▶ **PROBLEM TO SOLVE**
Check each line of the records below for the word "thumbnail" and copy those where it appears.

▶ **GIVEN ENTRIES**
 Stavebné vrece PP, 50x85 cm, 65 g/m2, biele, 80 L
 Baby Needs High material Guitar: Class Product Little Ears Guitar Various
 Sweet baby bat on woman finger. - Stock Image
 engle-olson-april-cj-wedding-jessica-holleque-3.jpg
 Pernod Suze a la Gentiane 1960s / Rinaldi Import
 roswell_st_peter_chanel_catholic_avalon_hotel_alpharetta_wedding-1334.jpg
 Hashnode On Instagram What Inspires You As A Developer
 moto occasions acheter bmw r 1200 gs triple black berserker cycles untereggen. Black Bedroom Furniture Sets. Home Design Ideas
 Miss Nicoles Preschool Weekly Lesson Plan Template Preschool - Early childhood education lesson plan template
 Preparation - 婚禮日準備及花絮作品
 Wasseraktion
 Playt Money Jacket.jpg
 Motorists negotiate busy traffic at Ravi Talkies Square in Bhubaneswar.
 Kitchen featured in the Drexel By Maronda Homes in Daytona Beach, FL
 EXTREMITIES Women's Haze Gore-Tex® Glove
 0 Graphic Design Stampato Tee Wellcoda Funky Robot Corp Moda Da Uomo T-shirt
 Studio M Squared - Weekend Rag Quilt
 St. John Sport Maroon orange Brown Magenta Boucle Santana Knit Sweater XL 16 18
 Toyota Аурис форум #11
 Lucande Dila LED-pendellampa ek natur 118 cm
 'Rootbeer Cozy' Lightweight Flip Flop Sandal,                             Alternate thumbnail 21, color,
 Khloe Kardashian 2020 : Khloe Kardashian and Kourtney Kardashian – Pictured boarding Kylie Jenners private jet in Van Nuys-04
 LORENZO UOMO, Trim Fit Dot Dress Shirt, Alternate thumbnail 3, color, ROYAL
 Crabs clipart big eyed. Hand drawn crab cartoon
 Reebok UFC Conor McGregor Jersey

▶ **REPLY TO THE TASK**
 'Rootbeer Cozy' Lightweight Flip Flop Sandal,                             Alternate thumbnail 21, color,
 LORENZO UOMO, Trim Fit Dot Dress Shirt, Alternate thumbnail 3, color, ROYAL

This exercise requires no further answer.